::: Task input :::
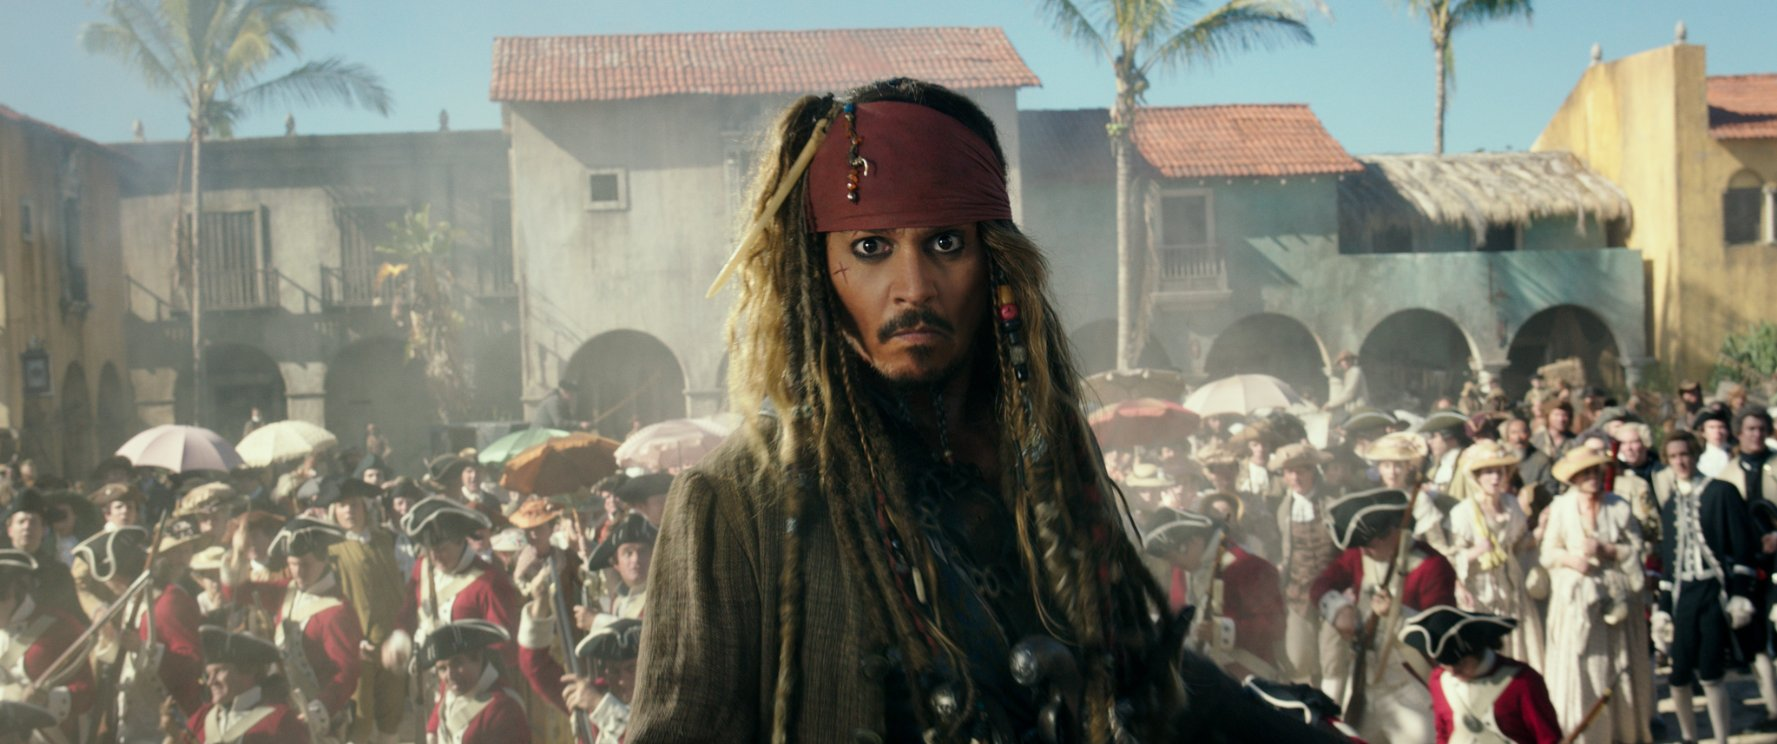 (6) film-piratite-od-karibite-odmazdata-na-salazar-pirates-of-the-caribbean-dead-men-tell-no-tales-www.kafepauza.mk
:::
::: Task input :::
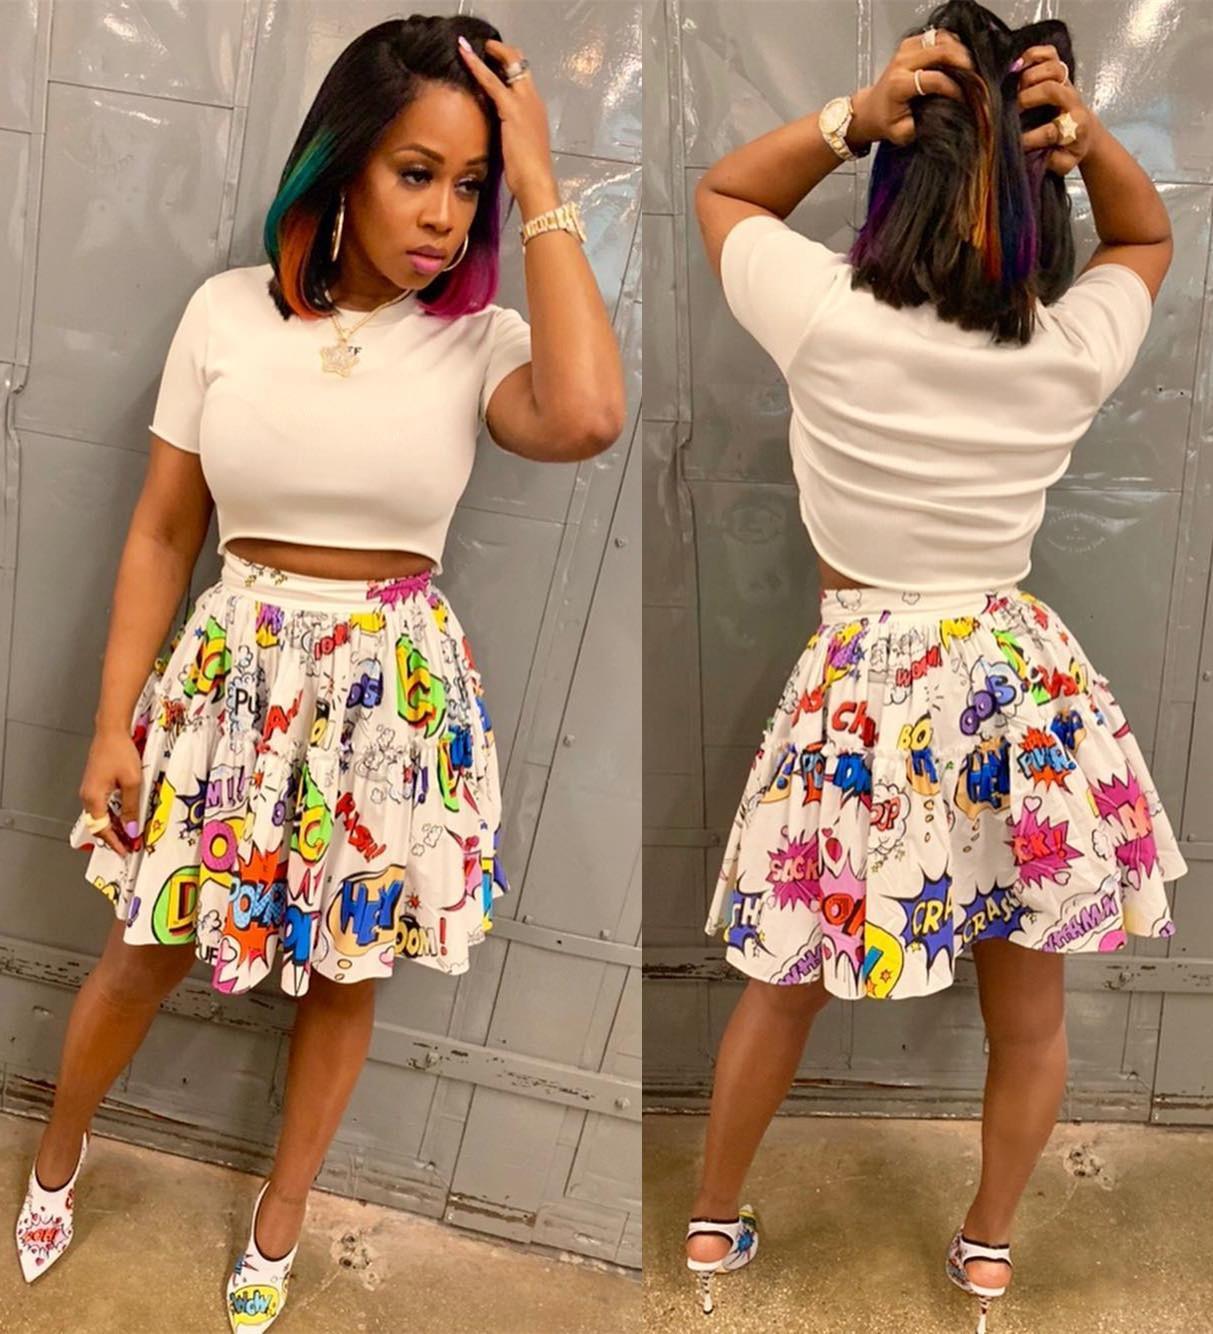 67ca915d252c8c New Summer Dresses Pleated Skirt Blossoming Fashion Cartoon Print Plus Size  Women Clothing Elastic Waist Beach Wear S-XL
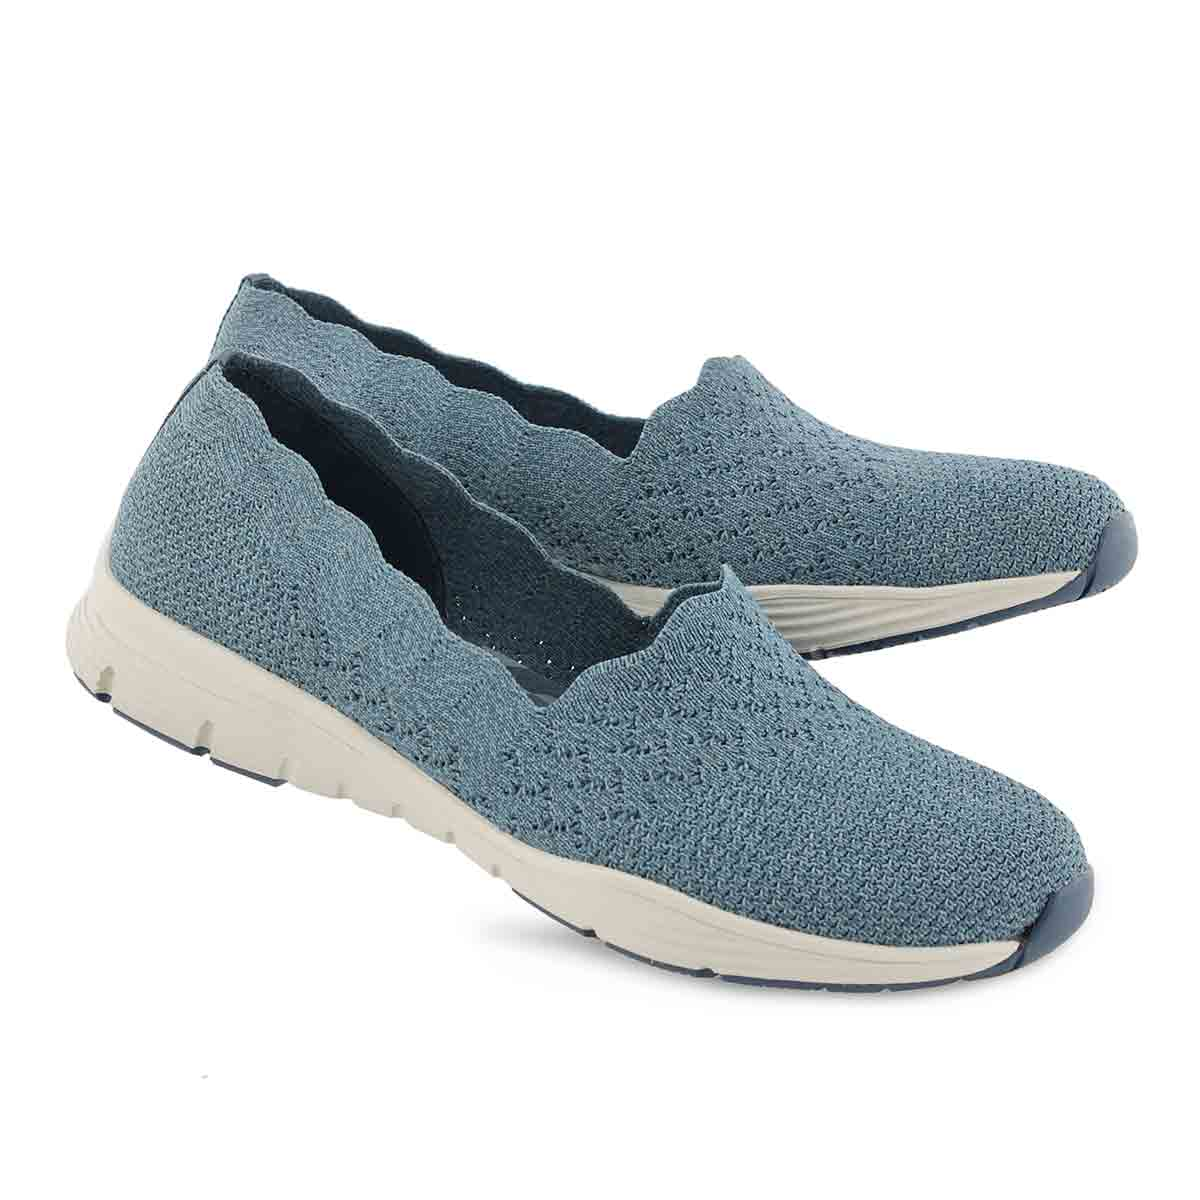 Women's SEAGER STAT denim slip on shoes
:::
• **What you will do**: A clean copy is needed of the lines in the listing above from the one with "67ca915d252c8c New Summer" through the one with "Women's SEAGER STAT denim slip on shoes", exact in every word and free of pictures.

• **Written response**:
 67ca915d252c8c New Summer Dresses Pleated Skirt Blossoming Fashion Cartoon Print Plus Size  Women Clothing Elastic Waist Beach Wear S-XL
 Women's SEAGER STAT denim slip on shoes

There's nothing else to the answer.